__INSTRUCTIONS TO FOLLOW__.
Starting with the line that contains "inspirierender Doppelpack: Nicola" and stopping after the line that contains "Lacilla-OC by BlackHawk45LC", return each line below exactly as written, with no others.

[Extracted records]
####

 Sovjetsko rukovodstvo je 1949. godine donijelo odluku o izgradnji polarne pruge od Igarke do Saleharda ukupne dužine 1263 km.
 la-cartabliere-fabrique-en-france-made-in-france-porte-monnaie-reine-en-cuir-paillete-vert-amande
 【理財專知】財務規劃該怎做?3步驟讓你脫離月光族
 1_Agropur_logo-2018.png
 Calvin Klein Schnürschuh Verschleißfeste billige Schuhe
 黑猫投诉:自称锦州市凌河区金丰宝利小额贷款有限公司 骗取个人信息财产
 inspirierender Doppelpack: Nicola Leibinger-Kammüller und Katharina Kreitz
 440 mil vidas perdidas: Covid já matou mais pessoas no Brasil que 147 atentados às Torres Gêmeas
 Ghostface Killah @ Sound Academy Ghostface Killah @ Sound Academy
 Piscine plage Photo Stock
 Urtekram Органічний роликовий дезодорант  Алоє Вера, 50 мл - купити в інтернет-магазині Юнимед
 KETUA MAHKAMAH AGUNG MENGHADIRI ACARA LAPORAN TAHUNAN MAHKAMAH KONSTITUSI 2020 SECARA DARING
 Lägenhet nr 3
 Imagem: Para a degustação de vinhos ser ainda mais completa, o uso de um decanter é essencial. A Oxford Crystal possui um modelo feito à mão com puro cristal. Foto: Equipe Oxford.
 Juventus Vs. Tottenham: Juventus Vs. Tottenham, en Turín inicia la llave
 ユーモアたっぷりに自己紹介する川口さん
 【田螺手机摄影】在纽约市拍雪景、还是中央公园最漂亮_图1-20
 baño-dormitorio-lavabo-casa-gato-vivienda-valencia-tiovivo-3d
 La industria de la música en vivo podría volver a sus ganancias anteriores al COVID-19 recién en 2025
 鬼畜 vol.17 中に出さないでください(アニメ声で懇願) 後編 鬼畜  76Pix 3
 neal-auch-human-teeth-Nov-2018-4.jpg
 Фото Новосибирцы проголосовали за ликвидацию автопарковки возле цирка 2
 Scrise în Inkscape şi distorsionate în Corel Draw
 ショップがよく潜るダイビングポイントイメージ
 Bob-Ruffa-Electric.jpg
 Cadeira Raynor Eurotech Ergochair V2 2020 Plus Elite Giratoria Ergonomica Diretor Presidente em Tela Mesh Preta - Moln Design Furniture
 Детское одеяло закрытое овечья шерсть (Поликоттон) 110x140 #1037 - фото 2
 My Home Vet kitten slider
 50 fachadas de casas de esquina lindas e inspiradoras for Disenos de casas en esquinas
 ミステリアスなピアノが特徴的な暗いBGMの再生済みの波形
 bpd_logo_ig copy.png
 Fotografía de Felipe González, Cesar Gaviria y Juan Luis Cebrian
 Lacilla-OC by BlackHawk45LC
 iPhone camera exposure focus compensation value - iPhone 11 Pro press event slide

####

__COMPLETED EXERCISE__.
 inspirierender Doppelpack: Nicola Leibinger-Kammüller und Katharina Kreitz
 440 mil vidas perdidas: Covid já matou mais pessoas no Brasil que 147 atentados às Torres Gêmeas
 Ghostface Killah @ Sound Academy Ghostface Killah @ Sound Academy
 Piscine plage Photo Stock
 Urtekram Органічний роликовий дезодорант  Алоє Вера, 50 мл - купити в інтернет-магазині Юнимед
 KETUA MAHKAMAH AGUNG MENGHADIRI ACARA LAPORAN TAHUNAN MAHKAMAH KONSTITUSI 2020 SECARA DARING
 Lägenhet nr 3
 Imagem: Para a degustação de vinhos ser ainda mais completa, o uso de um decanter é essencial. A Oxford Crystal possui um modelo feito à mão com puro cristal. Foto: Equipe Oxford.
 Juventus Vs. Tottenham: Juventus Vs. Tottenham, en Turín inicia la llave
 ユーモアたっぷりに自己紹介する川口さん
 【田螺手机摄影】在纽约市拍雪景、还是中央公园最漂亮_图1-20
 baño-dormitorio-lavabo-casa-gato-vivienda-valencia-tiovivo-3d
 La industria de la música en vivo podría volver a sus ganancias anteriores al COVID-19 recién en 2025
 鬼畜 vol.17 中に出さないでください(アニメ声で懇願) 後編 鬼畜  76Pix 3
 neal-auch-human-teeth-Nov-2018-4.jpg
 Фото Новосибирцы проголосовали за ликвидацию автопарковки возле цирка 2
 Scrise în Inkscape şi distorsionate în Corel Draw
 ショップがよく潜るダイビングポイントイメージ
 Bob-Ruffa-Electric.jpg
 Cadeira Raynor Eurotech Ergochair V2 2020 Plus Elite Giratoria Ergonomica Diretor Presidente em Tela Mesh Preta - Moln Design Furniture
 Детское одеяло закрытое овечья шерсть (Поликоттон) 110x140 #1037 - фото 2
 My Home Vet kitten slider
 50 fachadas de casas de esquina lindas e inspiradoras for Disenos de casas en esquinas
 ミステリアスなピアノが特徴的な暗いBGMの再生済みの波形
 bpd_logo_ig copy.png
 Fotografía de Felipe González, Cesar Gaviria y Juan Luis Cebrian
 Lacilla-OC by BlackHawk45LC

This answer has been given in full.